The leftovers, elements of the food that can’t be solubilized plus some remaining liquids, are passed into the large intestine. There, water and the vital mineral salts dissolved in that water, are extracted and absorbed into the blood stream through thin permeable membranes. Mucous is also secreted in the large intestine to facilitate passage of the dryish remains. This is an effort. (Intestinal mucous can become a route of secondary elimination, especially during fasting. While fasting, it is essential to take steps to expel toxic mucous in the colon before the poisons are re adsorbed.) The final residue, now called fecal matter, is squeezed along the length of the large intestines and passes out the rectum.
If all the digestive processes have been efficient there now are an abundance of soluble nutrients for the blood stream to distribute to hungry cells throughout the body. It is important to understand the process at least on the level of oversimplification just presented in order to begin to understand better how health is lost or regained through eating, digestion, and elimination. And most importantly, through not eating.
How Fasting Heals
Its an old hygienic maxim that the doctor does not heal, the medicines do not heal, only the body heals itself. If the body can’t heal then nothing can heal it. The body always knows best what it needs and what to do.
But healing means repairing damaged organs and tissues and this takes energy, while a sick body is already enervated, weakened and not coping with its current stressors. If the sick person could but somehow increase the body’s energy resources sufficiently, then a slowly healing body could heal faster while a worsening one, or one that was failing or one that was not getting better might heal.
Fasting does just that. To whatever degree food intake is reduced the body’s digestive workload is proportionately reduced and it will naturally, and far more intelligently than any physician could order, redirect energy to wherever it decides that energy is most needed. A fasting body begins accessing nutritional reserves (vitamins and minerals) previously stored in the tissues and starts converting body fat into sugar for energy fuel.
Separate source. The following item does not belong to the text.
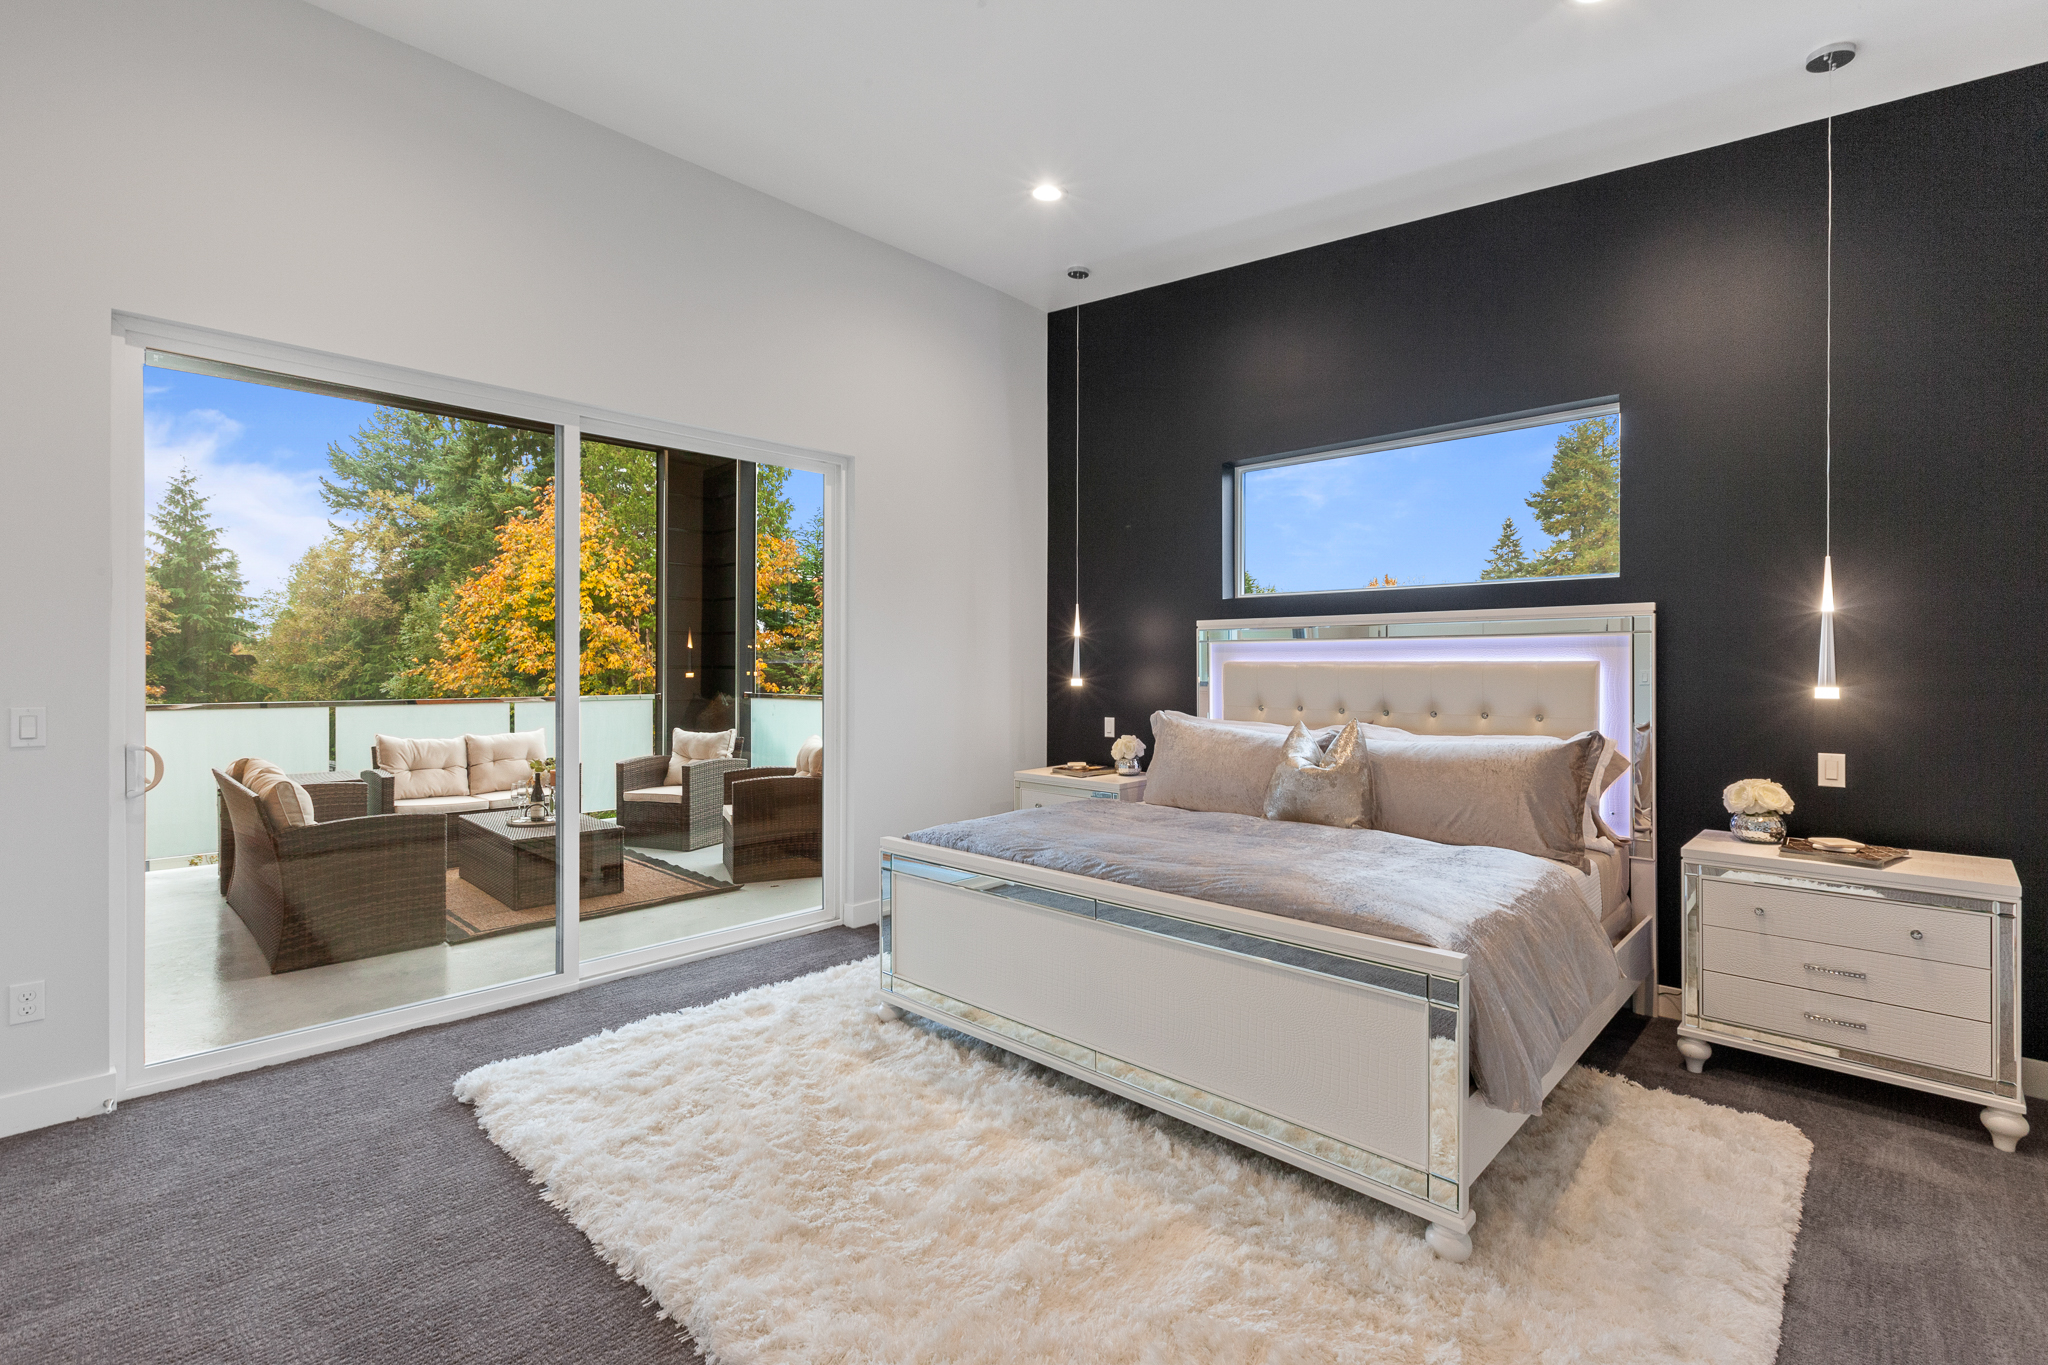 Master Bedroom - Luxury Real Estate - 18109 84th Ave W, Edmonds

During a time of water fasting, sustaining the body’s entire energy and nutritional needs from reserves and fat does require a small effort, but far less effort than eating. I would guess a fasting body used about five percent of its normal daily energy budget on nutritional concerns rather than the 33 percent it needs to process new food. Thus, water fasting puts something like 28 percent more energy at the body’s disposal. This is true even though the water faster may feel weak, energyless.